▶ **Your objective**
Look below for the line that contains "J-632, General Dynamics", then quote it and all the lines after it, exactly, with the pictures left out.

▶ **Information provided**
# # # # #
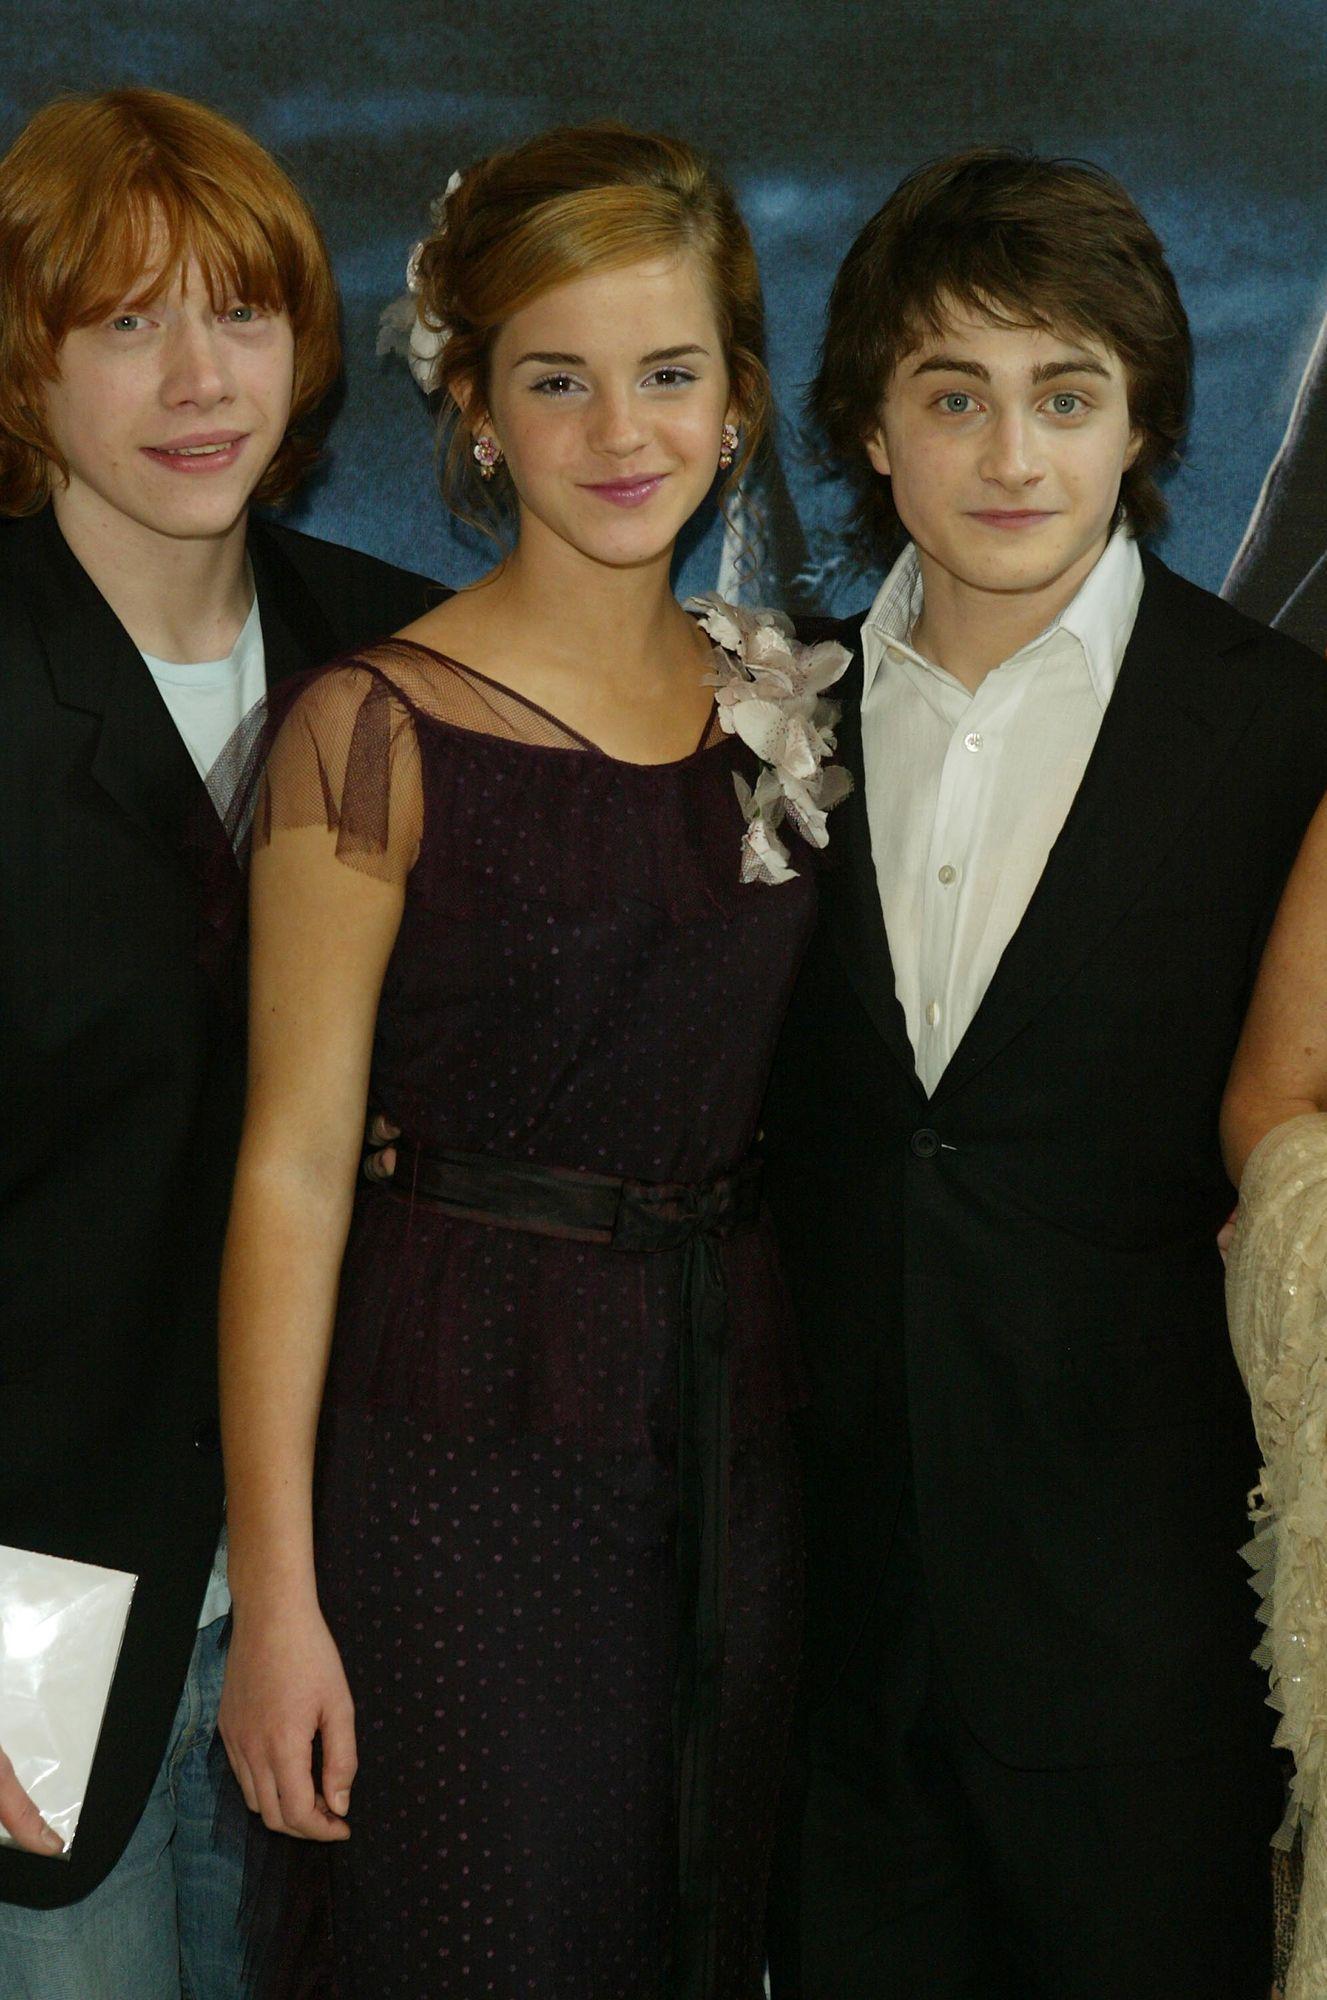 Harry Potter And The Prisoner Of Azkaban Uk Premiere Emma Watson Harry Potter Harry Potter Actors Harry Potter Movies
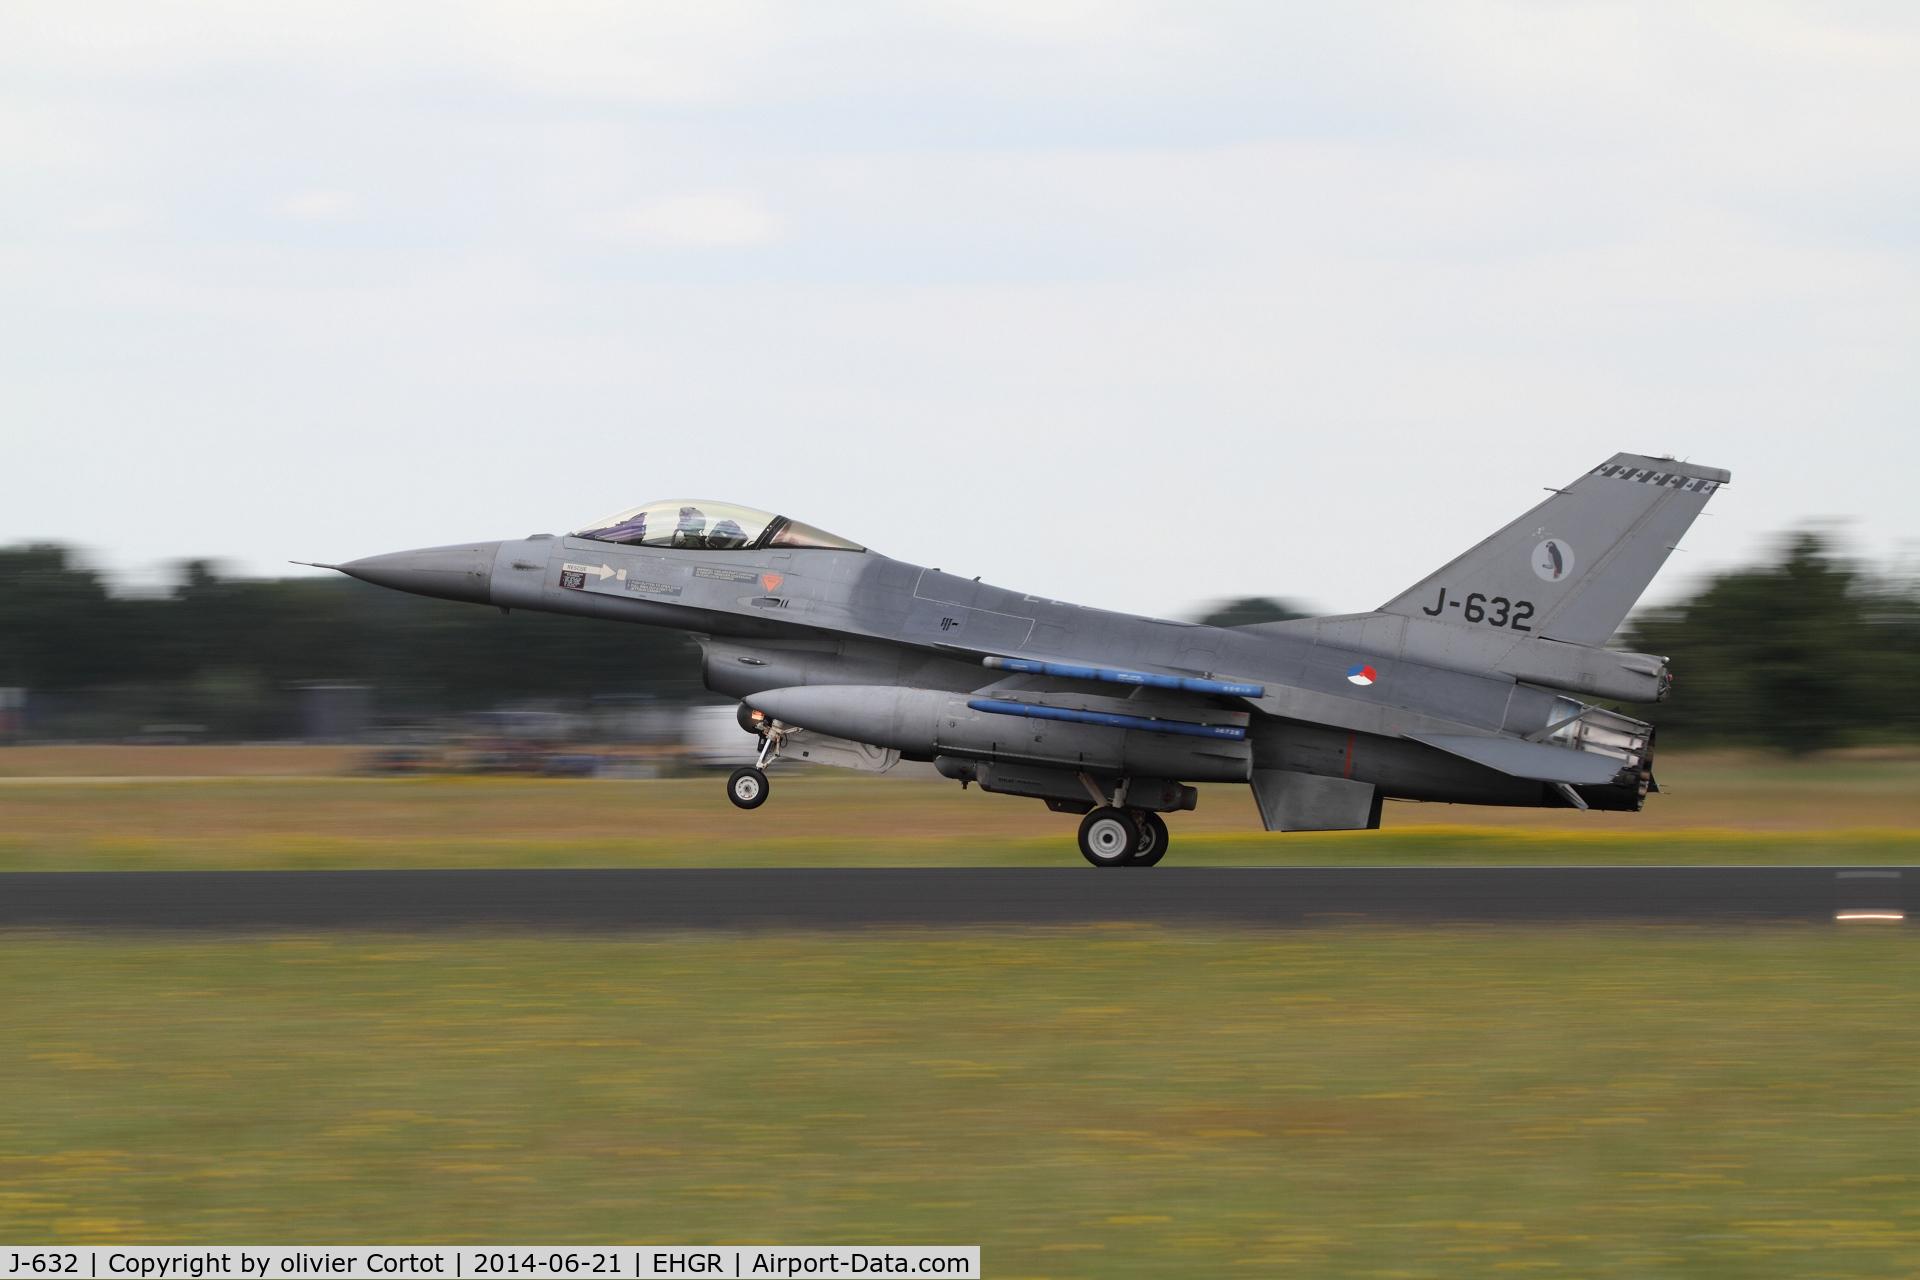 J-632, General Dynamics F-16A Fighting Falcon C/N 6D-64, 2014 airshow, landing
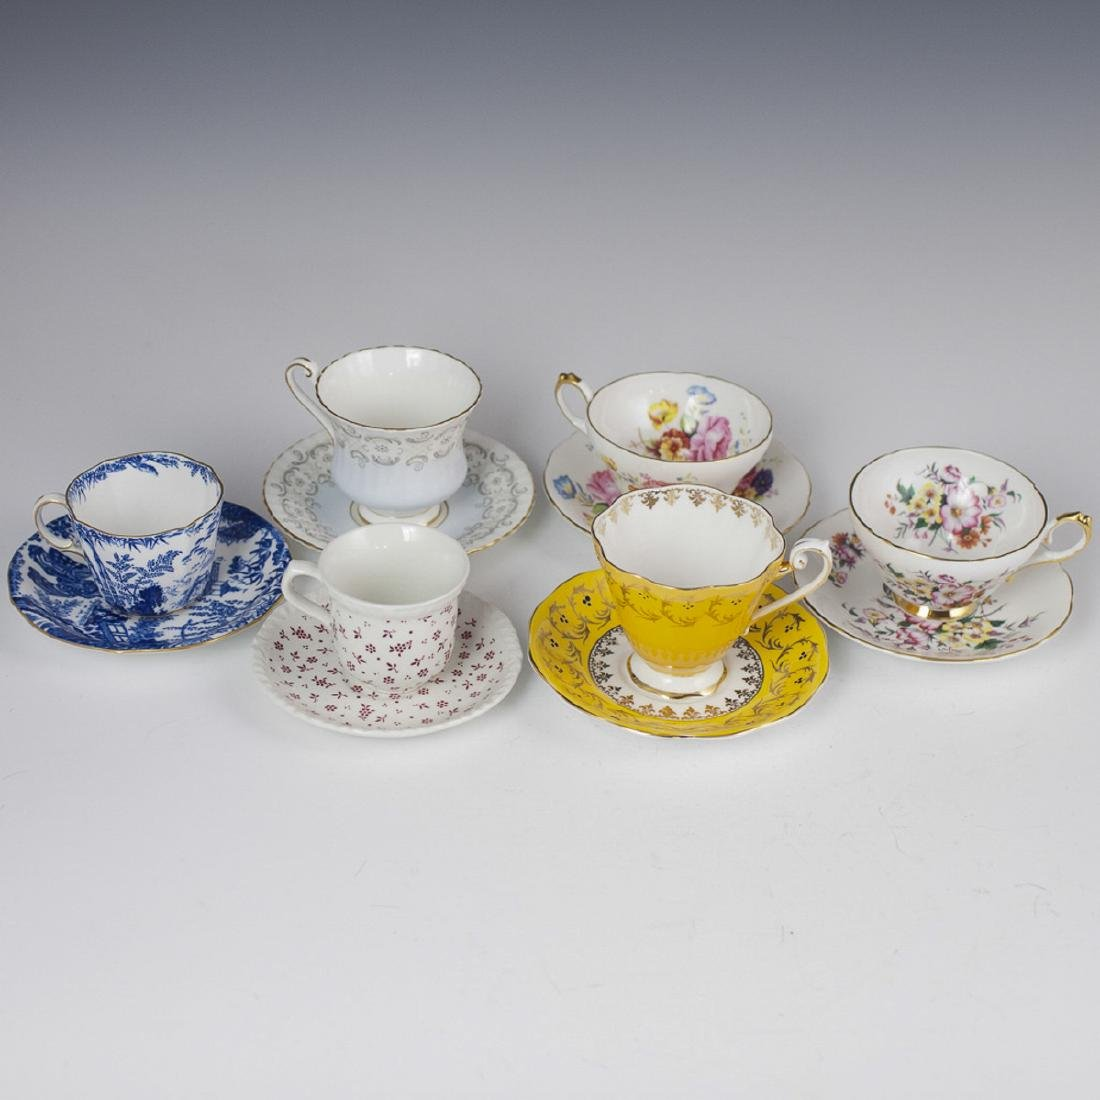 English Porcelain Tea Cups
# # # # #
▶ **Written answer**
 J-632, General Dynamics F-16A Fighting Falcon C/N 6D-64, 2014 airshow, landing
 English Porcelain Tea Cups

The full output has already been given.